As of June 30, 2023 and December 31, 2022, no customers accounted for more than 10% of the Company’s accounts receivable. No customer accounted for more than 10% of total revenue, less transaction-based expenses for the three and six months ended June 30, 2023 and 2022.
Revenue Recognition 
Contract Balances 
Contract assets represent amounts for which the Company has recognized revenue for contracts that have not yet been invoiced to our customers. The Company does not have any contract assets as of June 30, 2023 and December 31, 2022. Contract liabilities consist of deferred revenue, which relates to amounts invoiced in advance of performance under a revenue contract. The total contract liabilities of $0.3 million and $0.4 million as of June 30, 2023 and December 31, 2022, respectively, related to advance billings for data subscriptions, recorded in accrued expenses and other current liabilities on the unaudited condensed consolidated balance sheets. During the three and six months ended June 30, 2023, the Company recognized $0.1 million and $0.3 million, respectively, of revenue that was included in deferred revenue recorded in accrued expenses and other current liabilities at December 31, 2022.
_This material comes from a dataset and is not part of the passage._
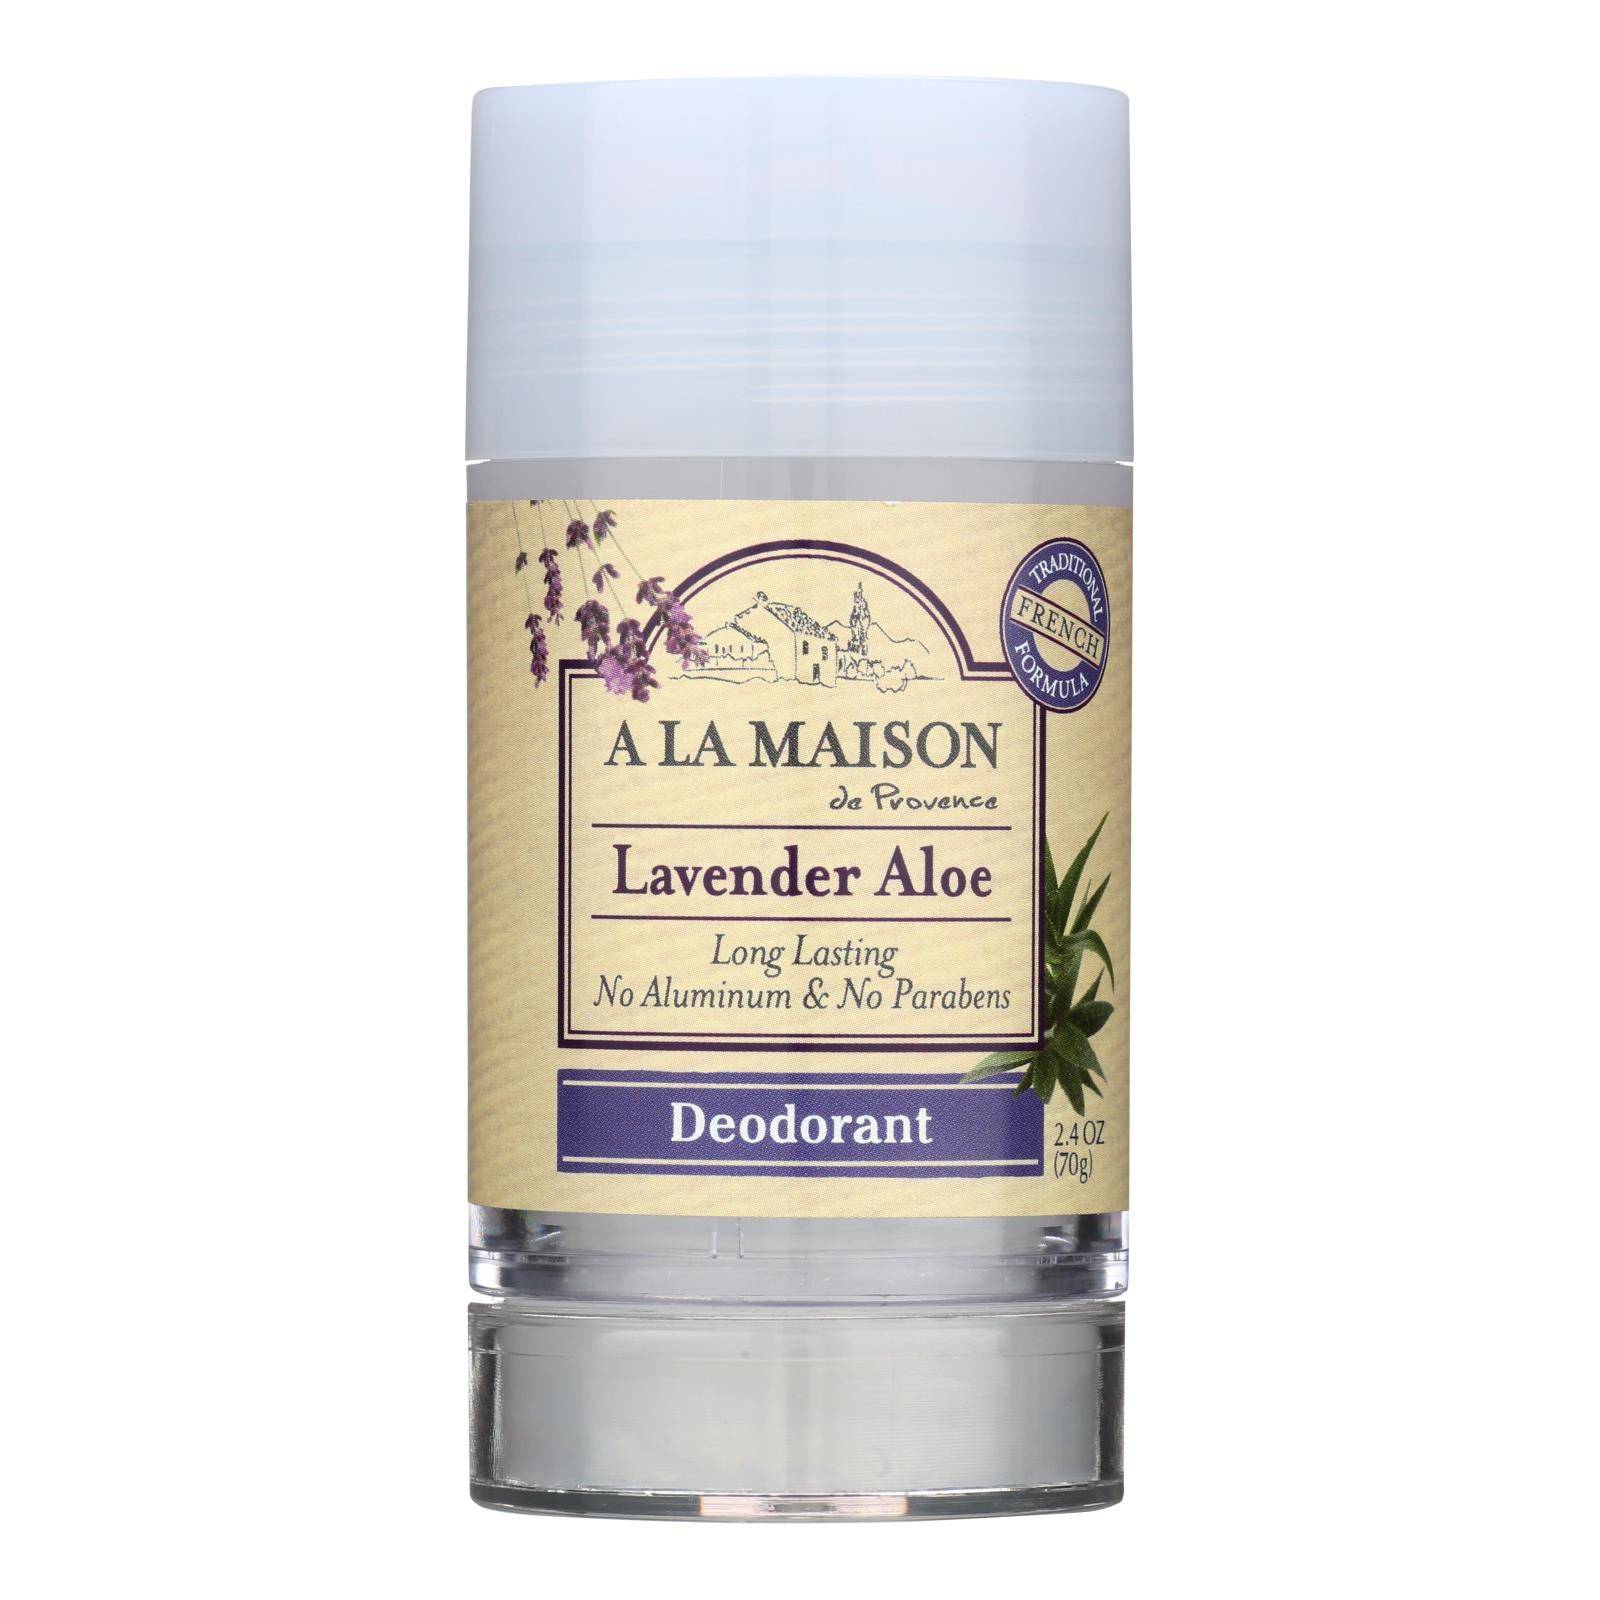 A La Maison - Deodorant - Lavender - 2.4 Oz | OnlyNaturals.us

Revenue by Geographic Location
For the three and six months ended June 30, 2023, revenue outside of the United States (including U.S. territories), based on customer billing address, was $1.0 million, and $1.9 million, respectively. For the three and six months ended June 30, 2022, revenue outside of the United States (including U.S. territories), based on customer billing address, was $1.4 million, and $4.7 million, respectively.